Троя против всех - Александр Стесин
Шрифт:
Интервал:
Закладка:
– Это мне тоже что-то напоминает. Там, откуда я родом, любили говорить, что революцию сделали евреи.
– А разве это не так? Впрочем, про русскую революцию я недостаточно знаю. Вернемся в Анголу. После революции тут многие поменяли свои португальские фамилии обратно на африканские. А вот ножом и вилкой по сей день пользуются даже в муссеках. И по-португальски говорят. Иначе говоря, португальский язык им навязали. Так же как и наше понятие о правосудии и все остальное. Кстати, я не считаю, что это обязательно плохо. У меня, как вы знаете, к колониализму отношение двойственное. С одной стороны, да, миллионы человеческих жизней, миллионы вывезенных рабов. Хотя не стоит забывать, что работорговля процветала здесь задолго до прихода европейцев. Не в таких масштабах, конечно. Не на промышленной, так сказать, основе. И все же, все же. Знаете, у мбунду есть пословица: «Тот, кто приходит к вам в дом, не разобьет яйцо, если только вы сами не покажете ему, где оно лежит». Вот, а с другой стороны, мы дали им настоящую медицину взамен колдунов с их экстравагантными, но совершенно бесполезными ритуалами. И ведь, заметьте, это наставление не было таким уж легким. Никто не верил в науку белых.
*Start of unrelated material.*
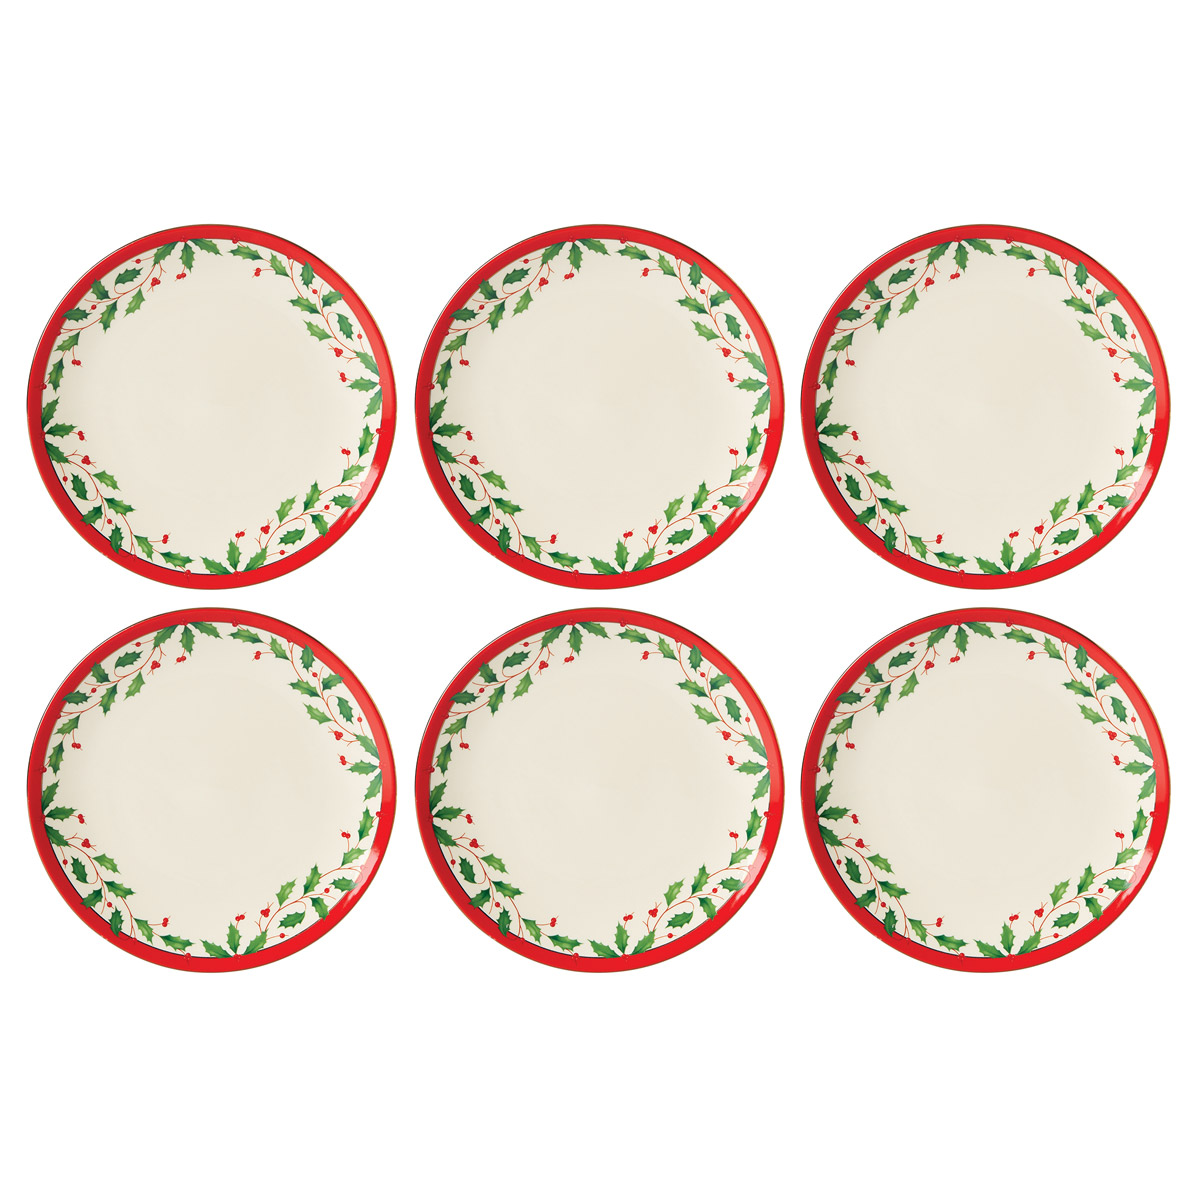 Lenox China Holiday Accent Plate Set of 6, Red and Gold Border

Если больной умрет, виноват белый доктор, а если выздоровеет, выручили боги. Тут, правда, сильно помогла религия. Католицизм. Или протестантство – там, где были простестанты. У баконго на севере. И на юге – у овимбунду. Тех обихаживали миссионеры из Северной Европы, с португальцами контакта было мало. Португальцы оставались на побережье. Ну, католицизм или протестантство, не так уж важно, да простят меня наши ирландские друзья. Суть в том, что к христианству все эти племена оказались более восприимчивы, чем к европейской науке и медицине. Но для африканцев религия и медицина неразрывны. Европейцы этим воспользовались для общего блага. Знаете ли вы, дорогой Дэмиен, что в прежние времена приходские священники занимались здесь в том числе и врачеванием? На самом элементарном уровне, конечно. Прописывали прихожанам средство от глистов, например, или от малярии. И это спасло много жизней. Так что, может быть, вопреки общепринятому мнению политика насильственного европеизирования была даже где-то необходима. Но речь сейчас не об этом. Речь только о том, что навязанное не может стать родным. А если и может, для этого должно пройти очень много времени. Одного-двух поколений тут недостаточно. Поэтому я и говорю, что ни португальский язык, ни наша идея конституционного права не воспринимаются ими как абсолютно свои, даже если они не знают ничего другого.
Я открыл было рот, чтобы возразить, но обнаружил, что, пока Синди-эсквайр выстраивал свою аргументацию, ловко перекидывая мосты от одного спорного тезиса к другому, оппонирующая сторона уже позабыла, что хотела сказать. В адвокатском таланте Синди не откажешь. Этот человек кому хочешь объяснит, что белое – это черное, а черное – белое. Ведь он только что окольными путями обосновывал совершенно дикое утверждение, что для ангольца португальский язык – не родной, даже если он не знает никакого другого! Сказать очевидную чушь, но преподнести ее так, чтобы присяжные призадумались. Талант.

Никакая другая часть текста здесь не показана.